Back in January, we shipped the Azure Cosmos DB Agent kit in preview with 45 rules and a hypothesis: if we package Azure Cosmos DB expertise into a format that AI coding agents understand, developers will stop making the same expensive mistakes. That hypothesis held up. What surprised us was how much the rules themselves needed to evolve once we started systematically testing them.

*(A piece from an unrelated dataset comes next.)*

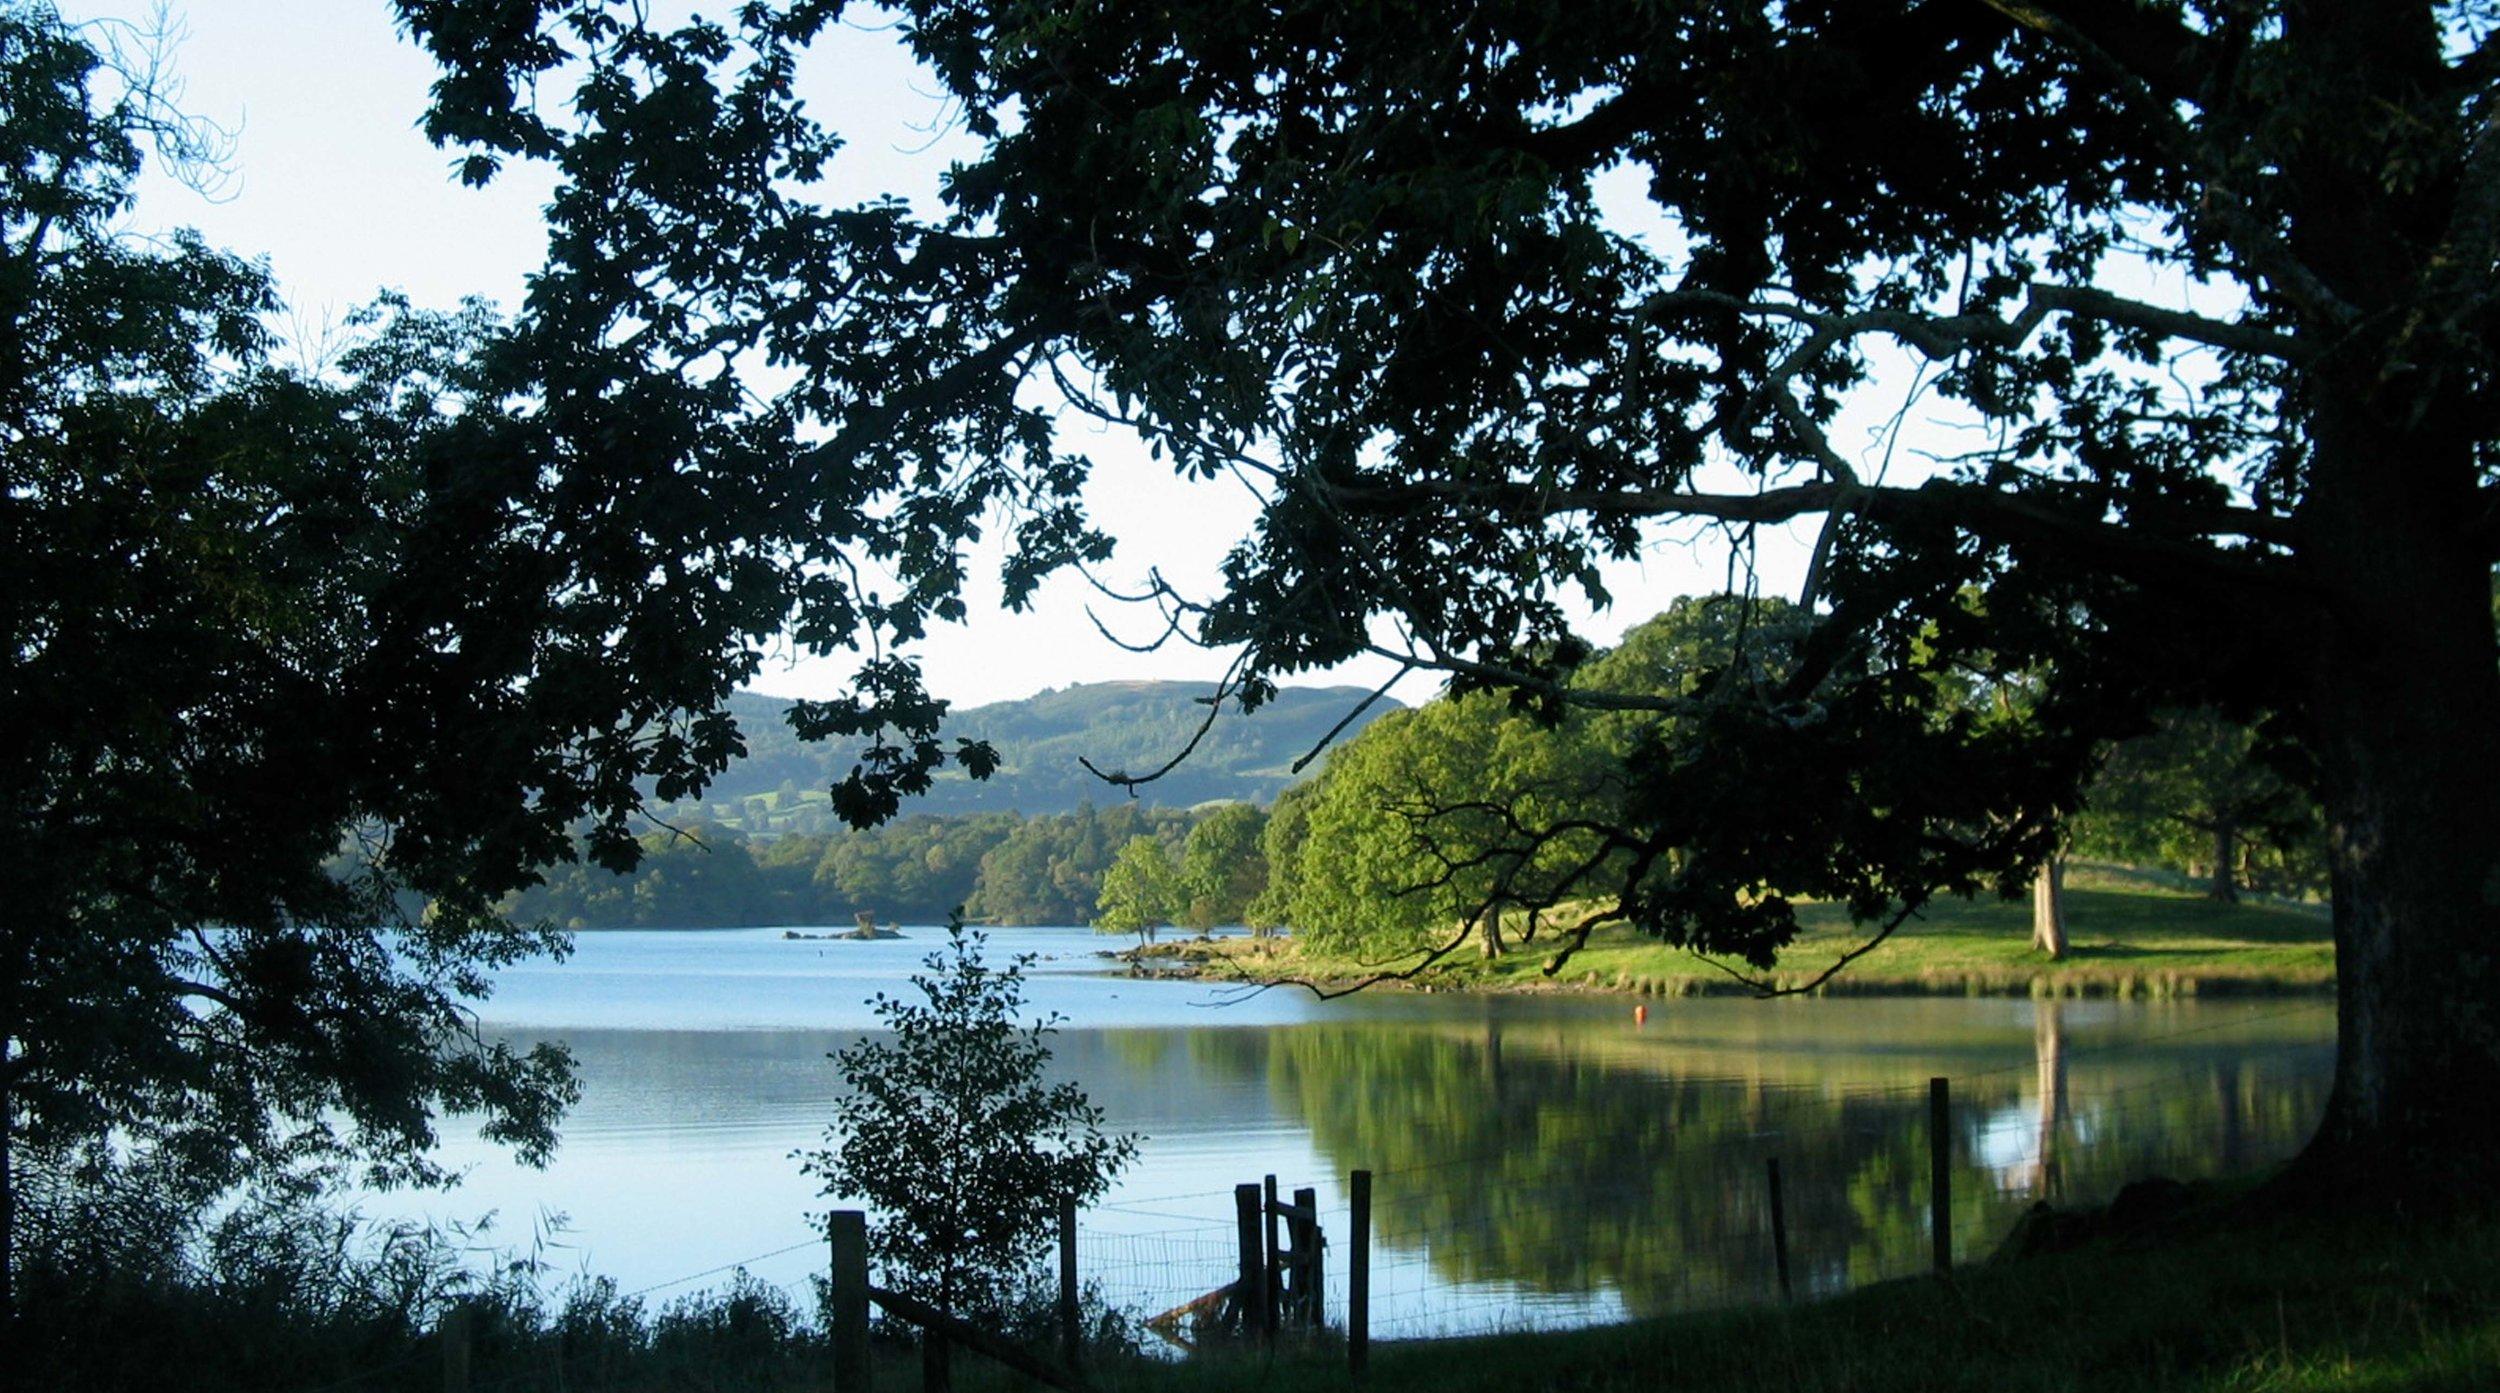 Lake-Windermere-through-the-trees-on-the-Brathay-estate.jpg
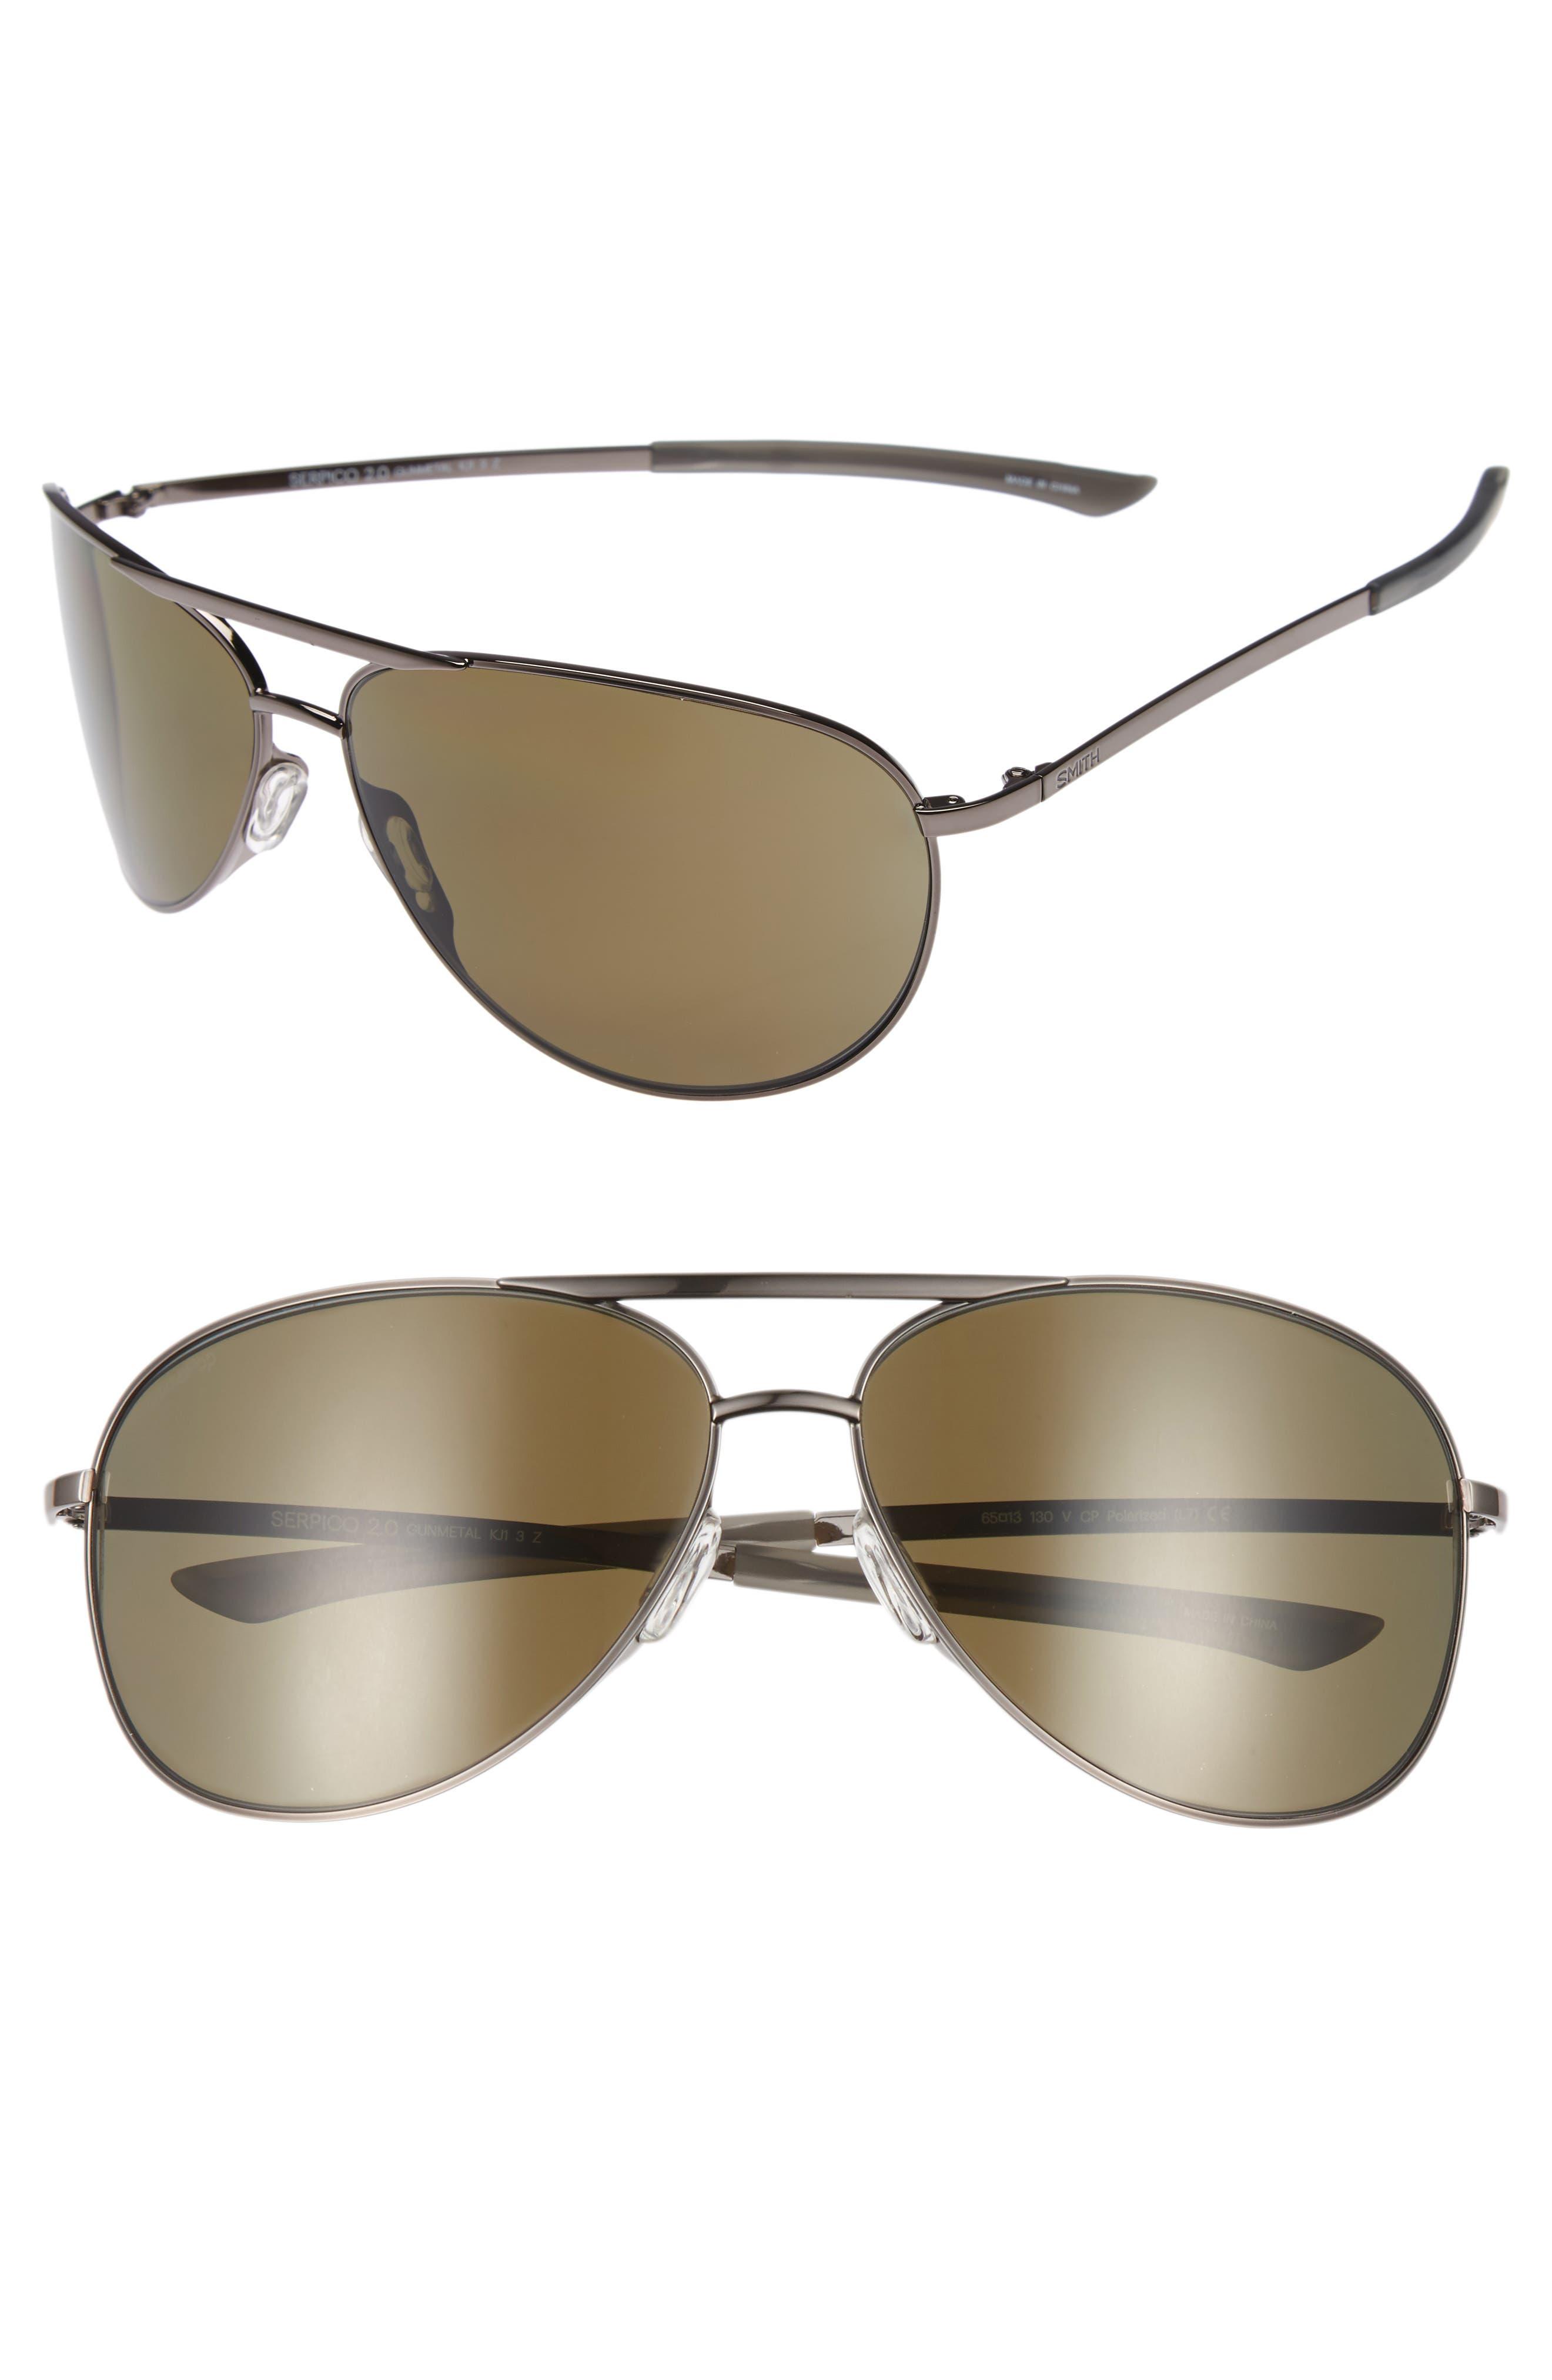 SMITH,                             Serpico Slim 2.0 65mm ChromaPop<sup>™</sup> Polarized Aviator Sunglasses,                             Main thumbnail 1, color,                             040

Today the Agent Kit is generally available . It now contains 120+ rules across 12 categories. But the number that matters more: we’ve run over 200 automated test iterations where AI agents build real applications from scratch using these rules, and we’ve fixed every gap those tests exposed.
Why We Spent Four Months on Testing Infrastructure
We could have just kept adding rules. That’s what most knowledge bases do — accumulate content and hope it’s correct. Instead, we built something we hadn’t seen anyone else do for agent skills: a closed-loop testing system that runs the rules through real code generation and checks the output.
The setup works like this. We have five application scenarios — an e-commerce order API, a gaming leaderboard, an IoT telemetry pipeline, a RAG chat app, and a multi-tenant SaaS platform. For each scenario, we define an API contract (what endpoints exist, what they return, what edge cases they handle). Then we let GitHub Copilot generate the entire application with our skill loaded, spin up the Azure Cosmos DB Emulator in CI, build the app, run it, and hit it with a full test suite covering API behavior, Cosmos infrastructure setup, and data integrity.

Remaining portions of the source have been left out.